Hey Kyle, should be quite quick! https://support.patreon.com/hc/en-us/articles/212052266-Getting-Discord-access

Philip

2025-07-10 08:36:35 +0000 UTC

Hi how do I join the discord community please?

Kyle Behrend

2025-07-05 11:57:07 +0000 UTC

Got a documentary coming but got delayed due to editing issues! Hope you also consider the general support on AI Explained content too, and have some other announcements coming

Philip

2025-07-02 14:55:55 +0000 UTC

New content? Do consider I spent $10 this month for this video only!

Dane Wagenhoffer

2025-07-02 04:17:44 +0000 UTC

another awesome video. what kind of prompt management system do you use when running the simplebench?

Paulius Mui

2025-06-06 23:21:07 +0000 UTC

SimpleBench is one of the key benchmarks I look at. Together with SWEbench, Aider, Arc AGI 1/2, Humanity's last exam, and a couple of the well-known math benchmarks. When SimpleBench saturates, reliability further increases by at least x3, multi-needle recall (paired with complex information/needle combination) also increases, and pricing per use stays comparable to current levels, then entry-level white collar jobs are in danger... on scale. I would love to see more in-depth multi-needle and complex recall benchmarks from the big AGI labs on their SOTA models. Think this is quite important... Google did it a bit for Gemini 2.5 Pro, but for multi-needle the published benchmarking could still be better!

Flo My

2025-06-05 14:12:28 +0000 UTC

Excellent work as usual, Philip. Unfortunately, Claude's convo length is abysmal, and I don't have the money to go pro, nor the ability to API it.

Norfuer

2025-06-04 10:25:09 +0000 UTC

Would you care to go deeper on your experiences where SOTA model loose track of context they were previously given? Here or on Philip’s Discord (assuming you’re Max M; tag me: palimondo).

Pavol Vaskovic

2025-06-03 06:16:00 +0000 UTC

The more I use LLMs the more I start to realize that they likely aren't going to replace a large portion of white collar work for a very long time.. It's one thing to solve simple logic puzzles and another to actually understand why you are doing something.
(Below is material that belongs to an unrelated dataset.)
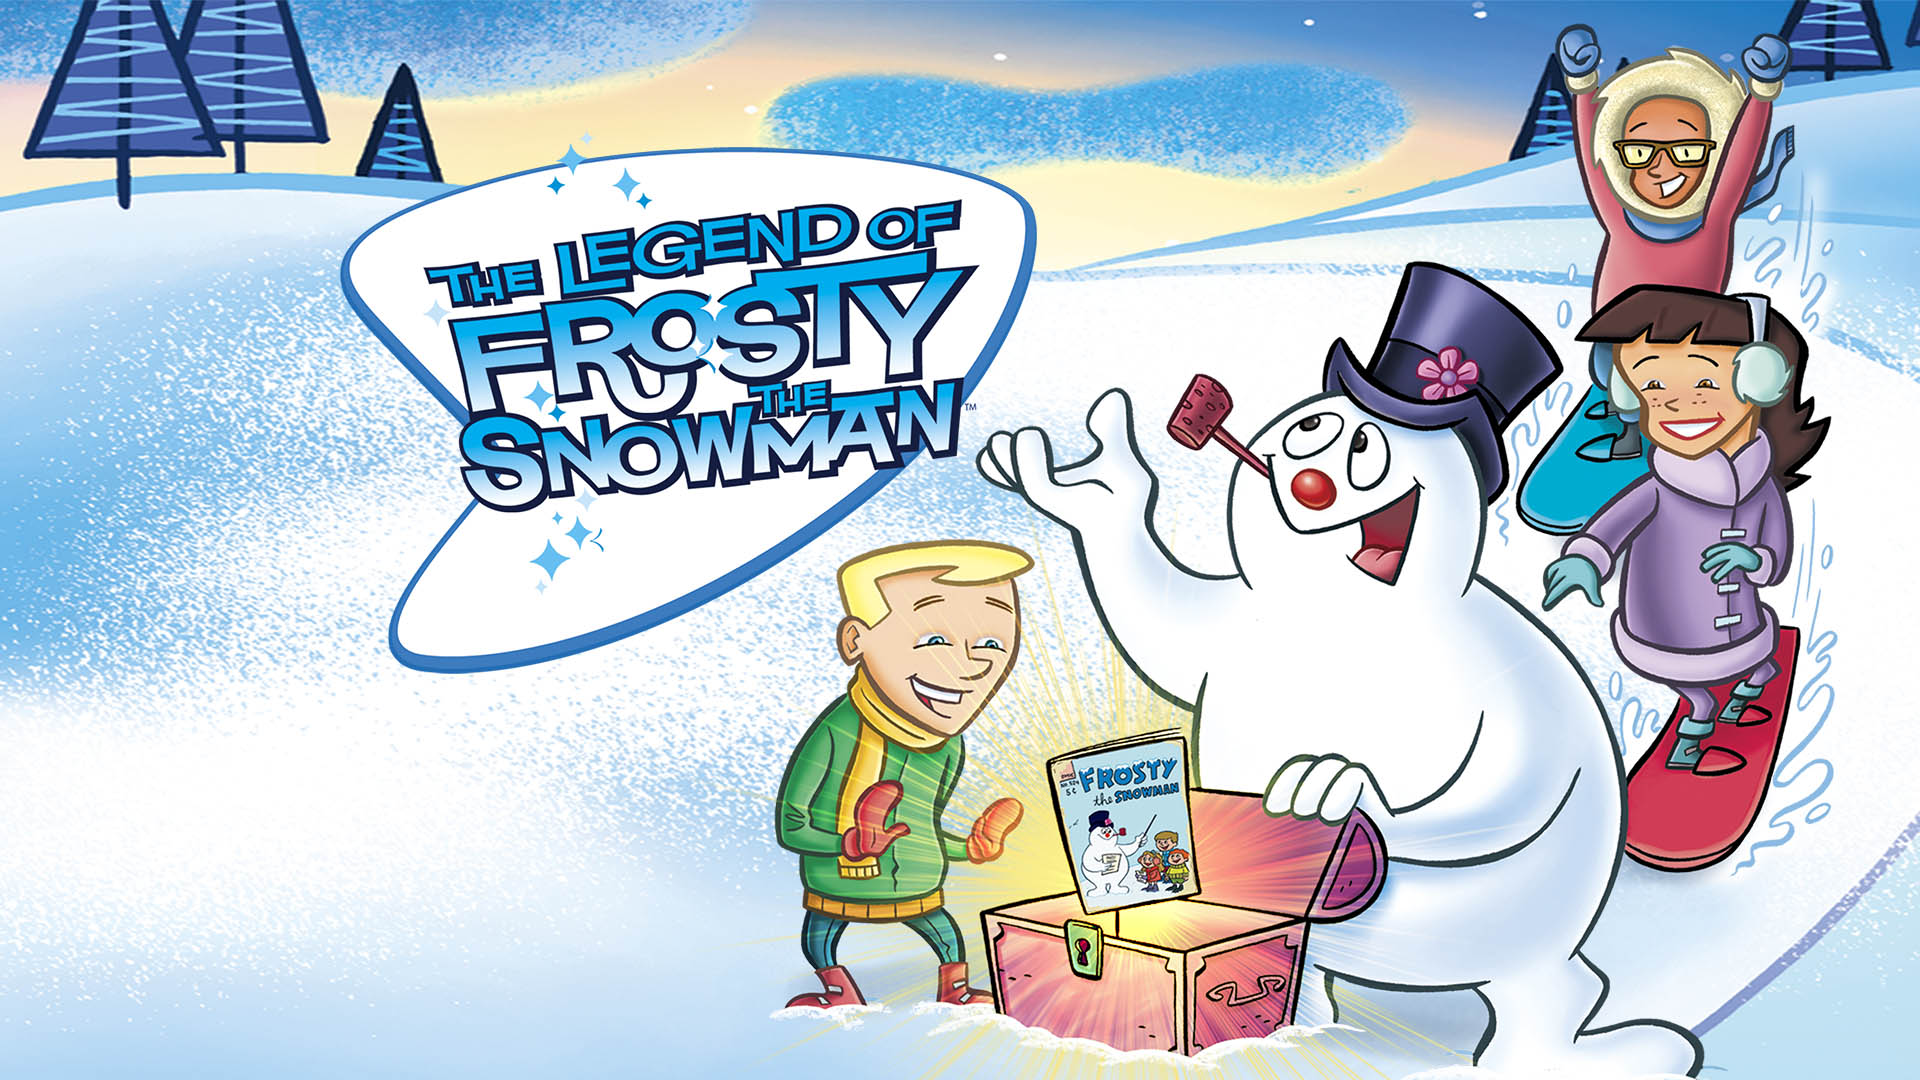 Watch Legend of Frosty the Snowman Online | Stream Full Movies
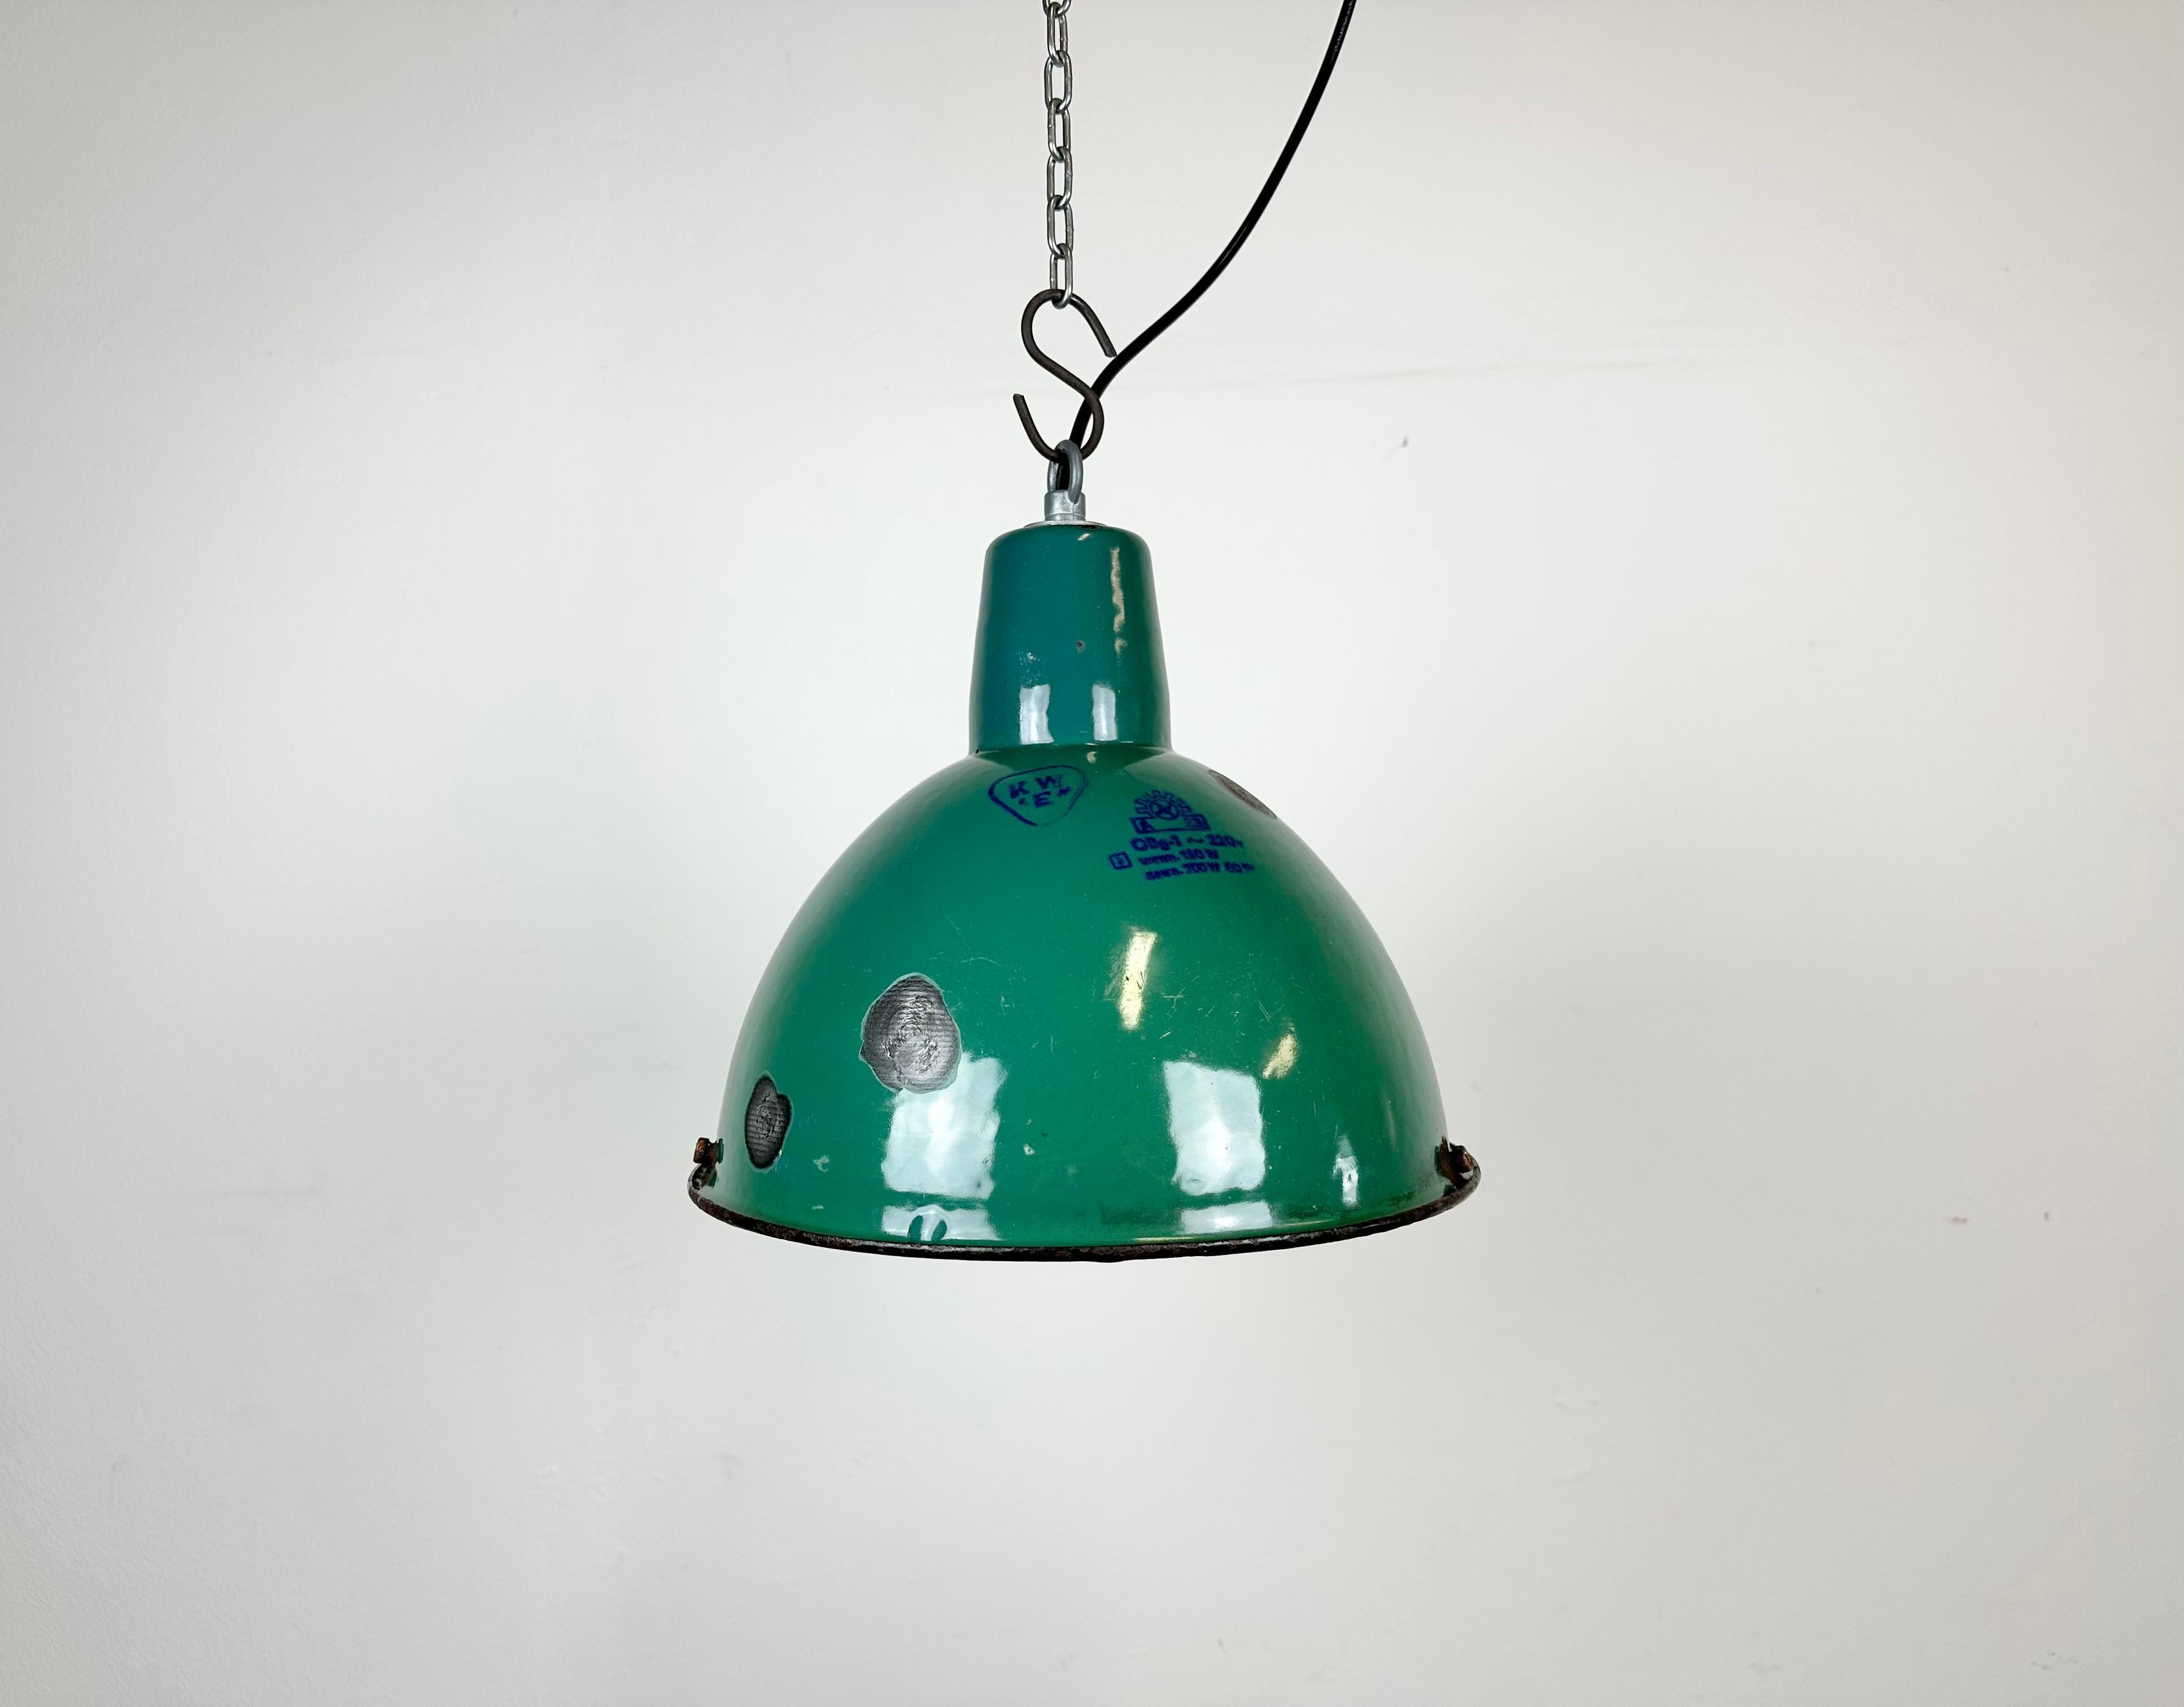 Industrial green enamel pendant light made by Polam Wilkasy in Poland during the 1960s. White enamel inside the shade. Iron top. The porcelain socket requires E 27 light bulbs. New wire. Fully functional. The weight of the lamp is 1 kg.

Until there's some research on LLMs deeply understanding why they are doing what they are doing, the impact it has, and things greater than the sum of its weights, I see a lot of corporations riding the automation train into a total mess. One thing that should have been done years ago was having the ability for an LLM to query for missing context. Claude 4 opus, o3, whatever model you have consistently will hallucinate context when it is missing information. Sure, you may reduce some menial simplistic version of hallucinations in a benchmark, but in the real world these menial issues with LLMs scale all the way up to a very high degree of sophistication. With any genuinely sophisticated applied problem, every Sota LLM quickly hallucinates context you have literally provided it in earlier prompts. I have seen this happen time and time again with o3, claude opus 4, gemini 2.5... Sure these problems are more sophisticated in nature, but it really starts to show the cracks in the facade of LLMs. It's like I can see the model grasping at straws for context it literally has been given. Any human can just look at a file or document and know whats in it..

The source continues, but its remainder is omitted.